In the past few days, I am being contacted by clients for AlwaysOn related issue. I have been writing a blog about them. In this blog, we would learn about how to fix wait for HADR_AR_CRITICAL_SECTION_ENTRY.
THE SITUATION
My client was using SQL Server in a virtual environment. Due to some instability with their network infrastructure, windows cluster lost quorum for few minutes and then it came back. As you might know that AlwaysOn availability group is tightly coupled with windows server failover cluster, so anything happening in the cluster could also impact AlwaysOn availability group. That is what precisely has happened here.
As usual, they sent me an email, I responded back with GoToMeeting details and we were talking to each other in a few minutes. When I joined the call with them:
- All of our AG modification queries (removing availability database, removing availability replica) were stuck waiting on HADR_AR_CRITICAL_SECTION_ENTRY.
- We were unable to make modifications to the AG as it was in an inconsistent state, pending updating the state of the replica.
- As per the Microsoft docs – Occurs when an Always On DDL statement or Windows Server Failover Clustering command is waiting for exclusive read/write access to the runtime state of the local replica of the associated availability group.
SOLUTION/WORKAROUND
Based on my search on the internet, restart of SQL instance is the only way to come out of this.
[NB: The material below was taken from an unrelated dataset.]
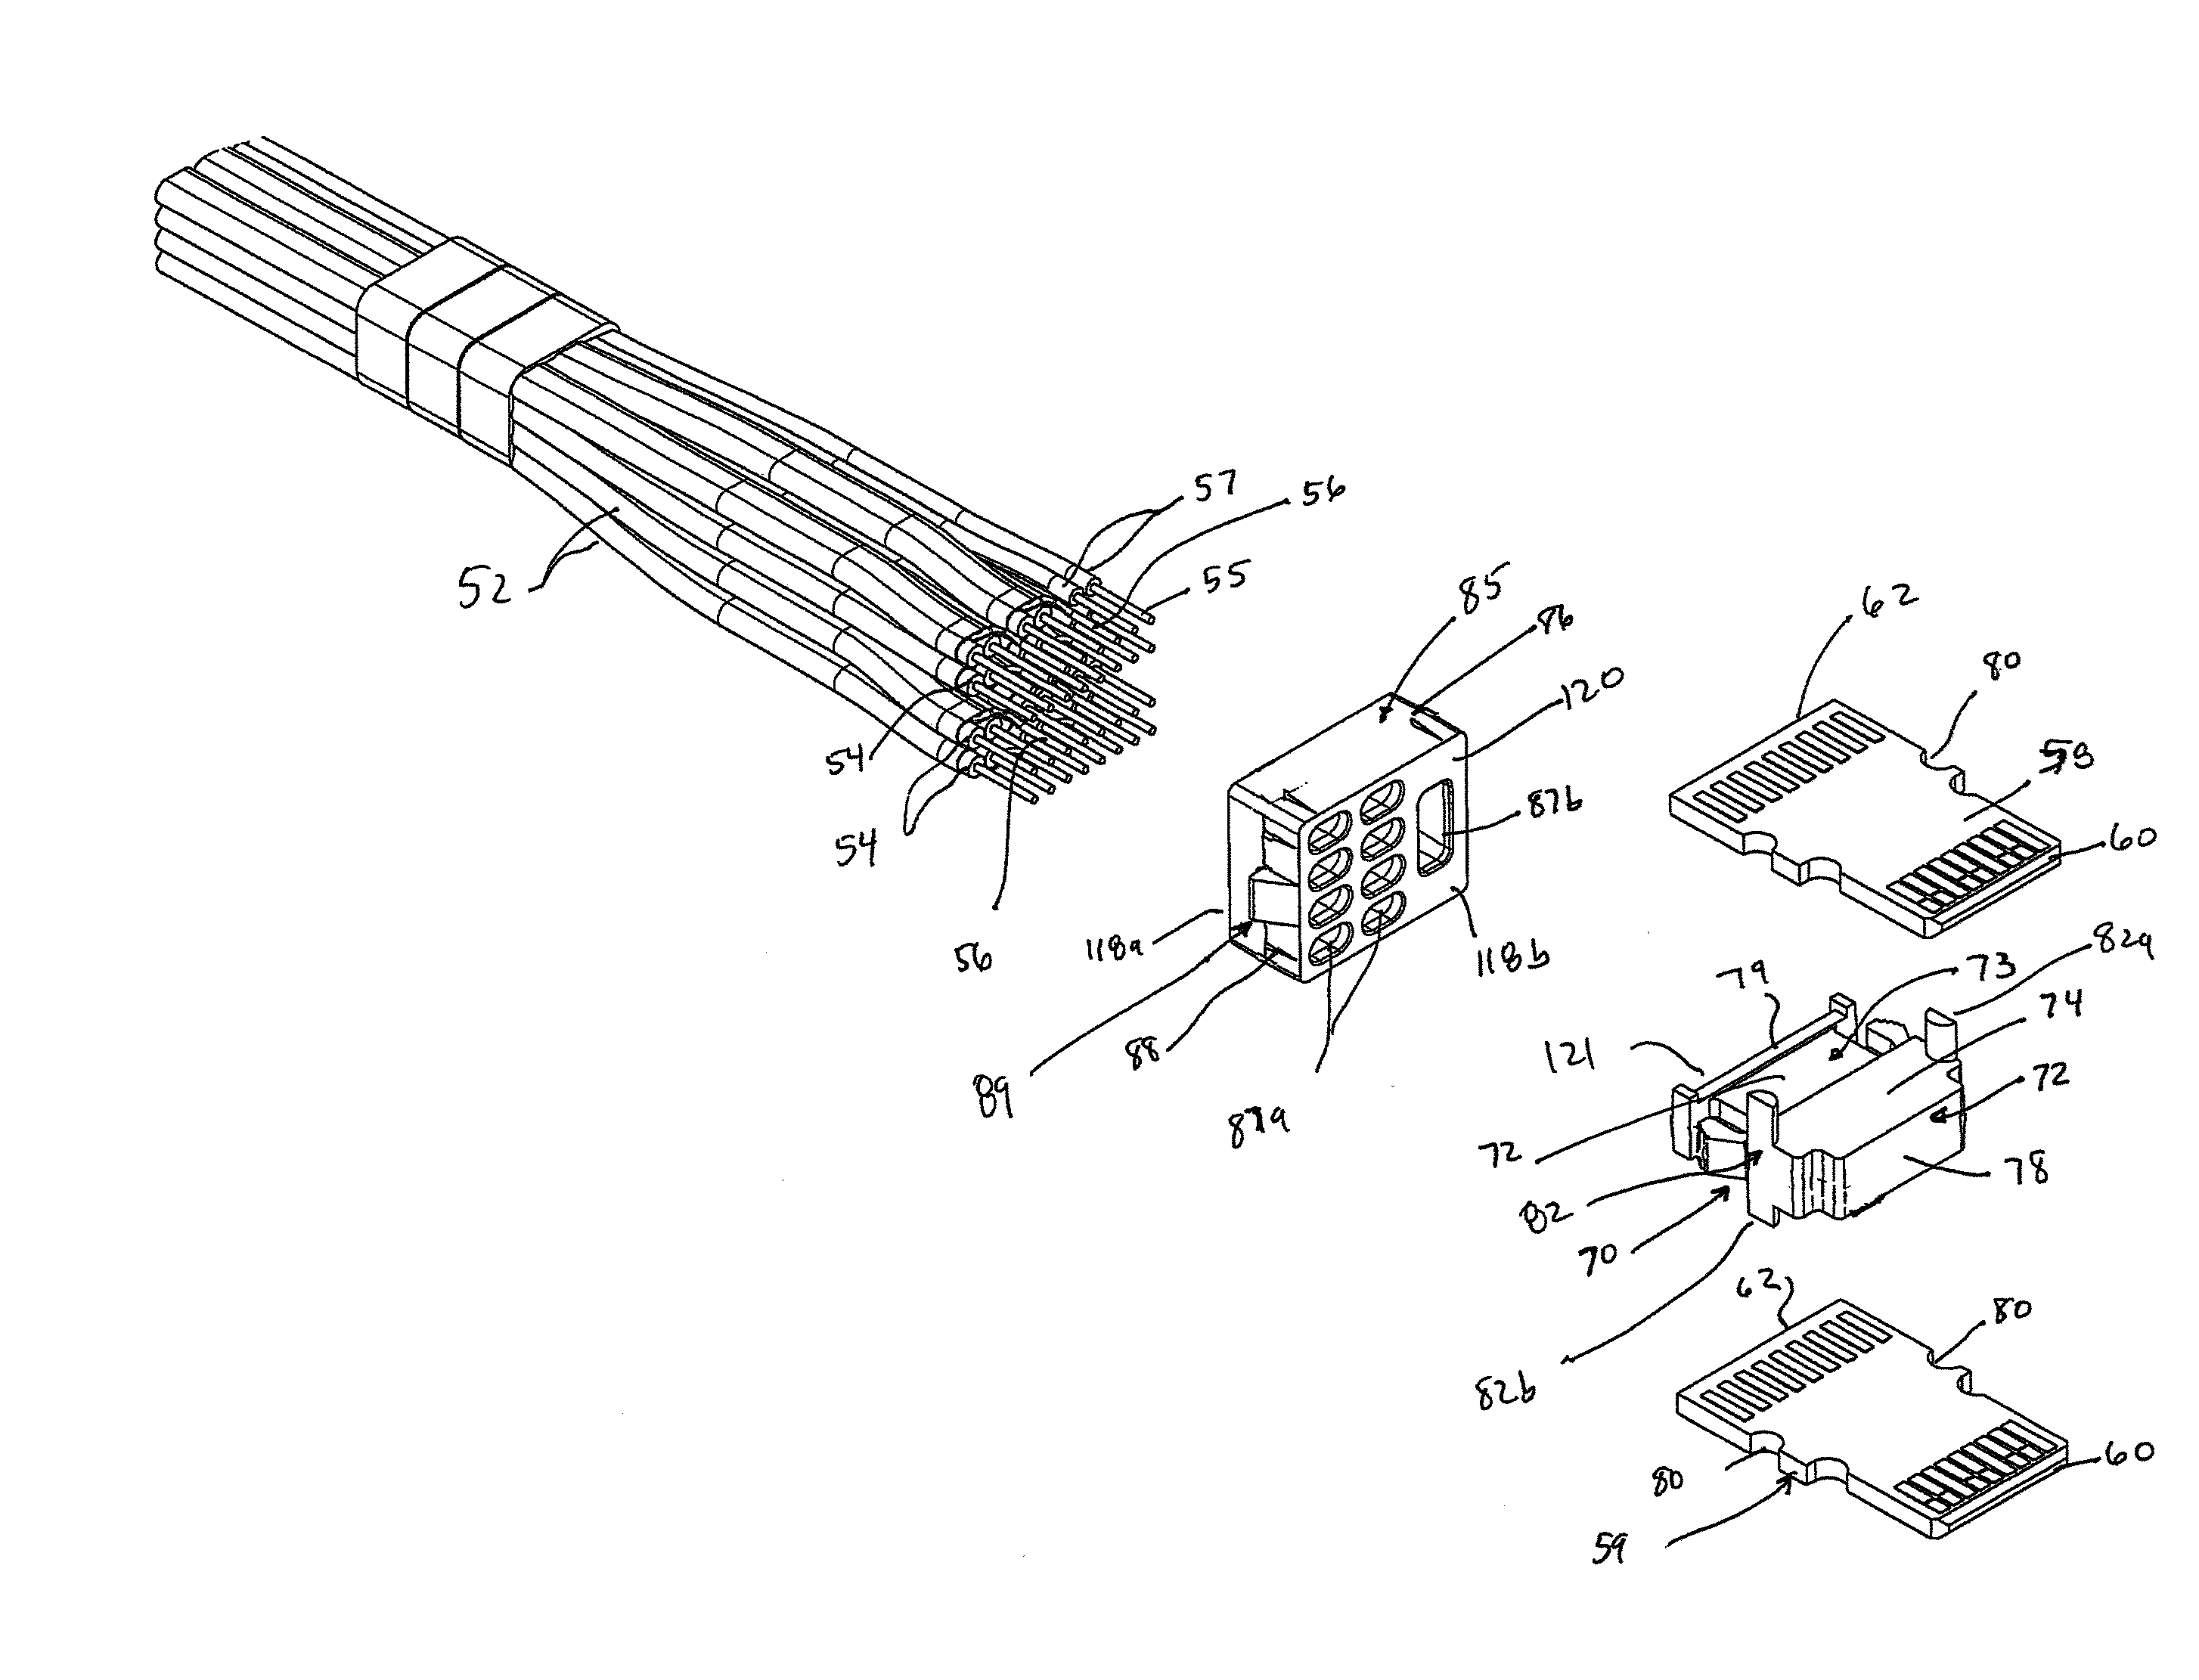 Plug connector with improved construction

We set the AG failover to manual and restarted both replicas; after doing so, our secondary replica became synchronized after a few minutes and we were able to successfully remove databases from the AG. We tested failover back and forth, and everything was working as expected.’
Have you seen this wait in your environment? It would be great if you can share the cause of that via comments and how did you come out of it.
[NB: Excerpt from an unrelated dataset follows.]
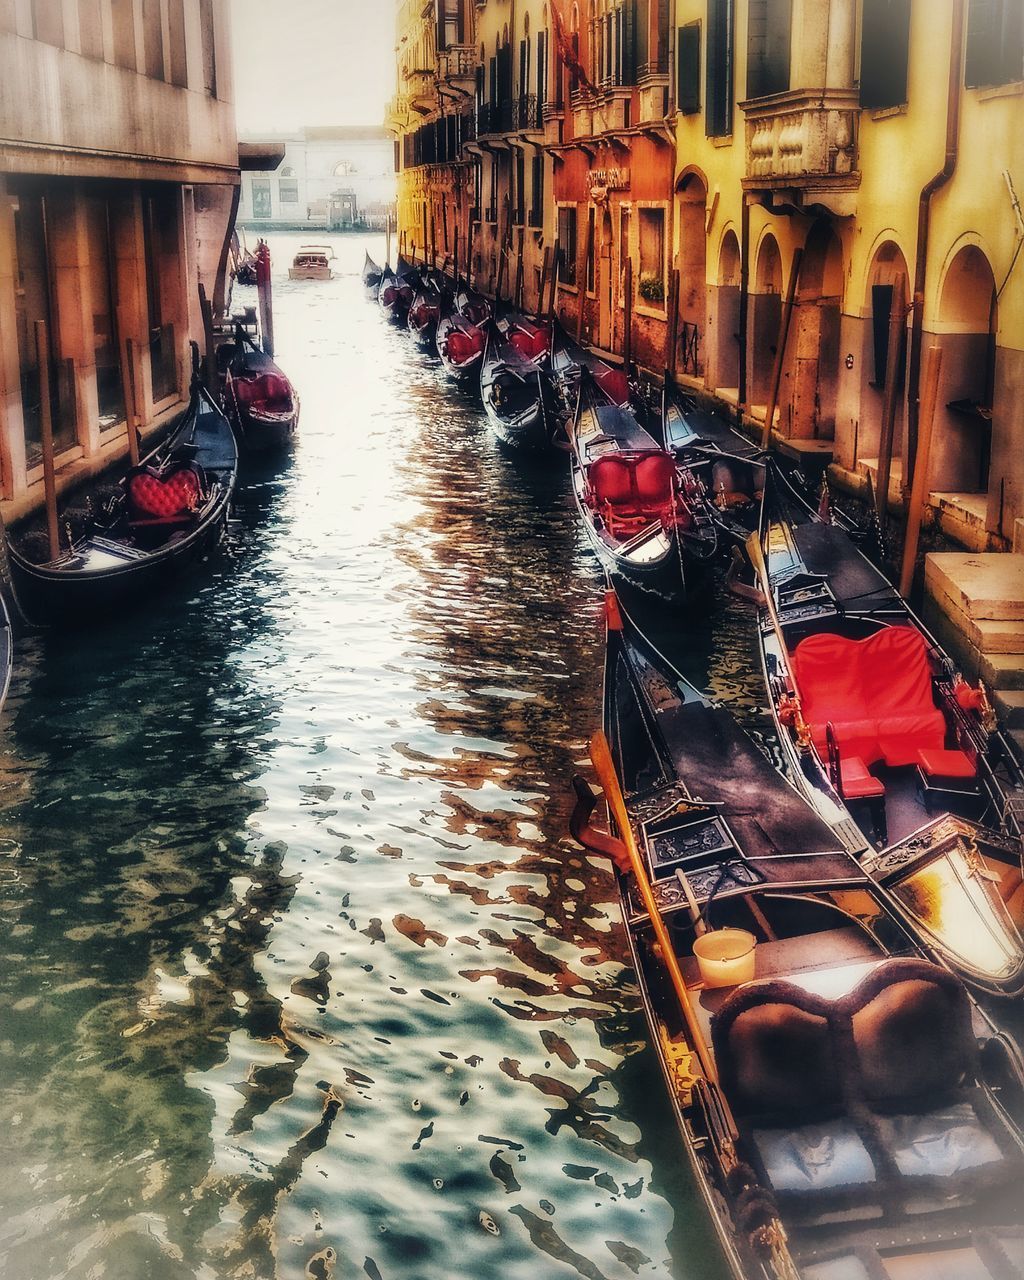 VIEW OF BOATS IN CANAL

Reference:Â Pinal Dave (https://blog.sqlauthority.com)
4 Comments. Leave new
Was there any data loss during the downtime? We’re also trying to setup the same in our environment.
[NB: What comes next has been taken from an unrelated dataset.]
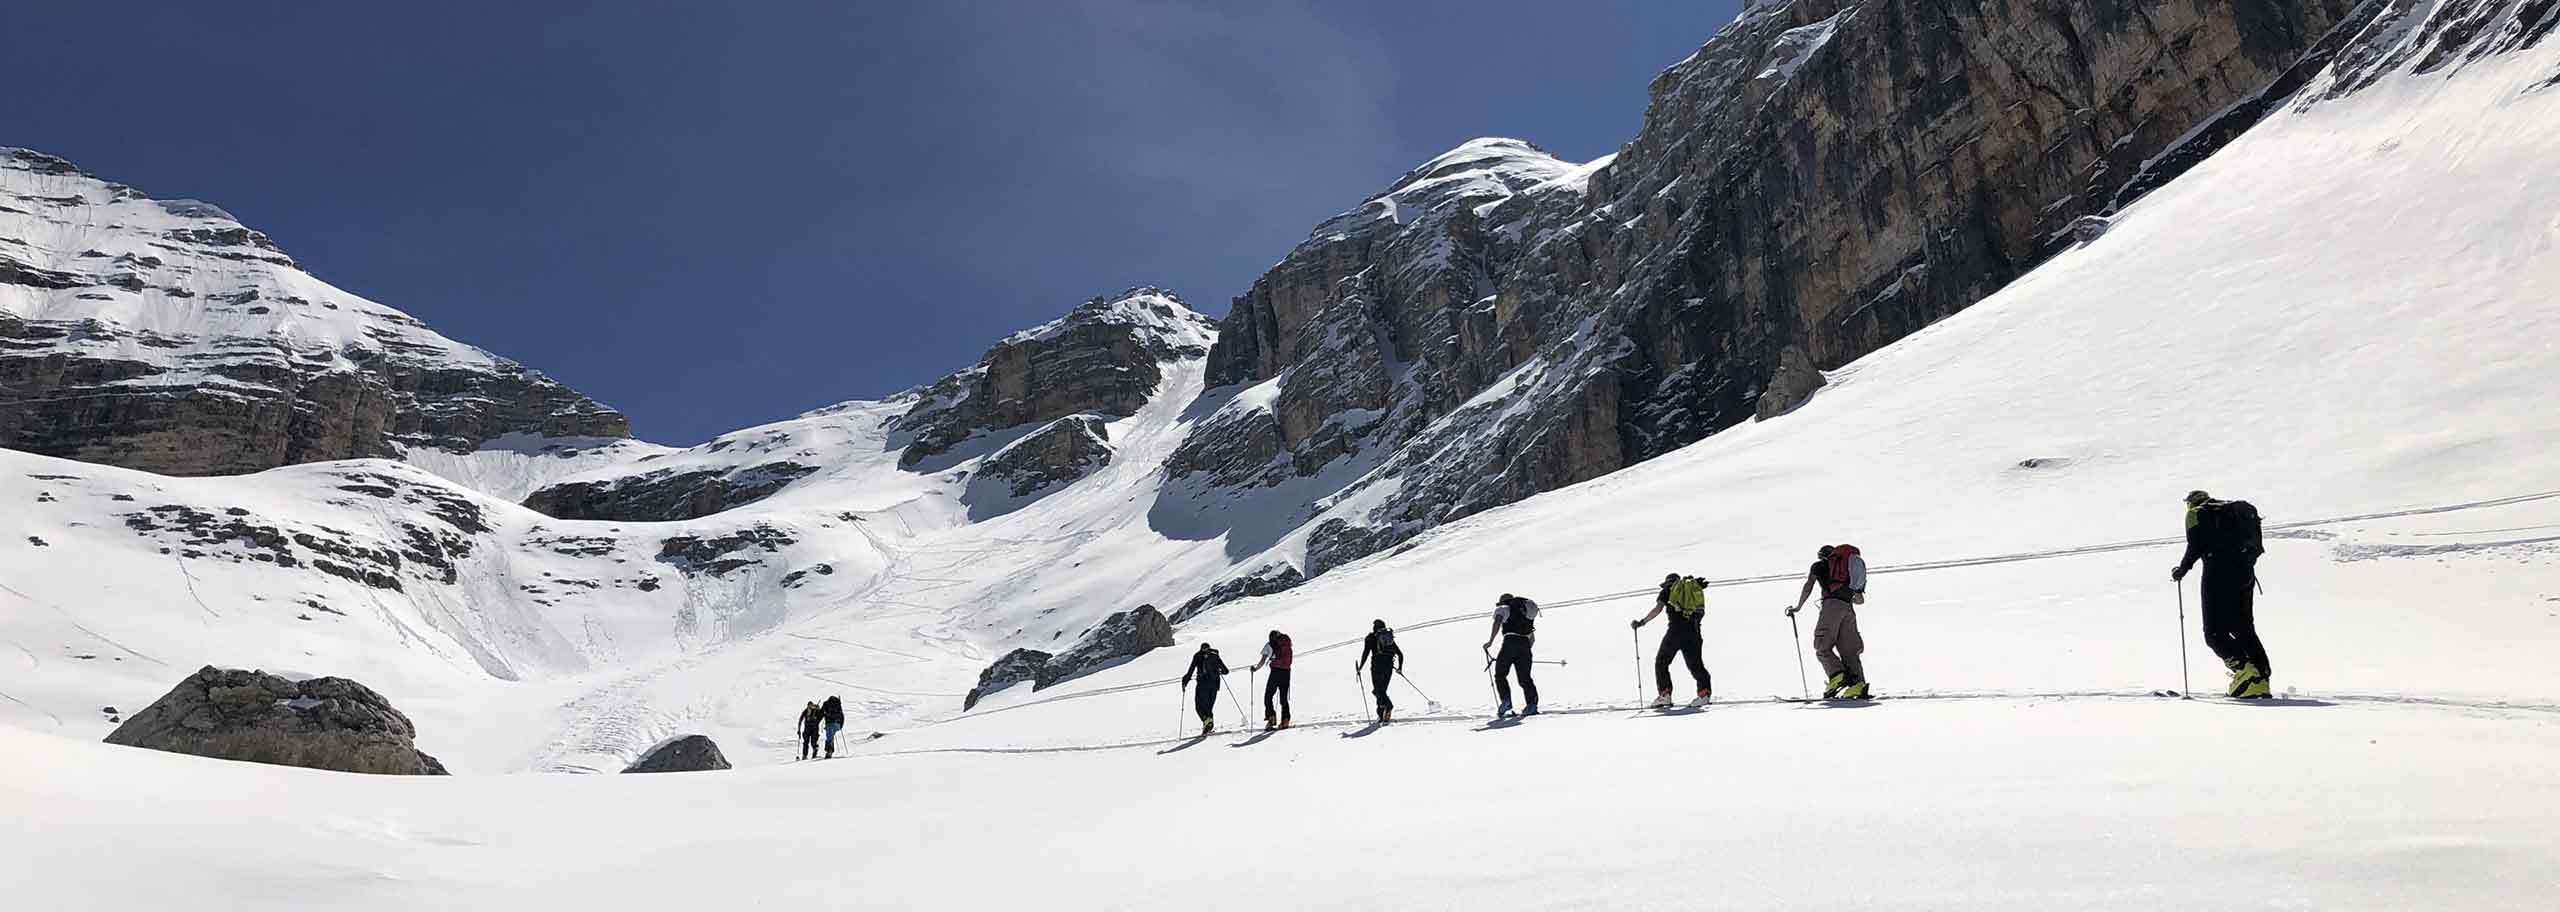 Val di Fassa Ski Touring Experiences, Trips and Courses

We ran into this issue just today. Something as yet unknown caused quorum to be lost. Eventually failed over. Except one of our DBs was in “not synchronizing” on both the primary and replica, and therefore not available for the application. We then saw the same wait type with any action on the AG itself. Our only solution was instance restarts followed by full reboot of the current primary. Did you end up finding a root cause? SQL 2016 SP2-GDR
We had similar issue in our prod env. We have 3 node cluster where 2 primaries share same secondary. We had issue with one of the sets while other set kept working through out. Issue started with lease timeout expiration. First time cluster was able to recover on its own but second time around synchronization was suspended and secondary went into resolving state. All databases on secondary had a Red cross. Similar to what you experienced none of the AG modification queries worked and they kept waiting on “HADR_AR_CRITICAL_SECTION_ENTRY “.
We are on SQL server 2017
Bit of a late reply but more of a content add if anything.
I’ve experienced a few of these in my current DBA role and they all come as a result of an unstable or saturated network between the nodes due to an ‘infrastructure event’ (read in to that as you will, but in our last case a bunch of VMs went down and the network became saturated as a result).
I went as far as digging into the WFC logs to figure it out and best I came out with was delayed responses between secondary’s with no real fix for this other than what the blog post already suggests.
I would always have in the back of my mind to check out network related events for the source when encountering this SQL error, and get that team involved. You can always rely on WFC error logs to confirm node communication issues as well. The AG tech is so intertwined with WFC and the whole thing is built on stable intra-cluster communication.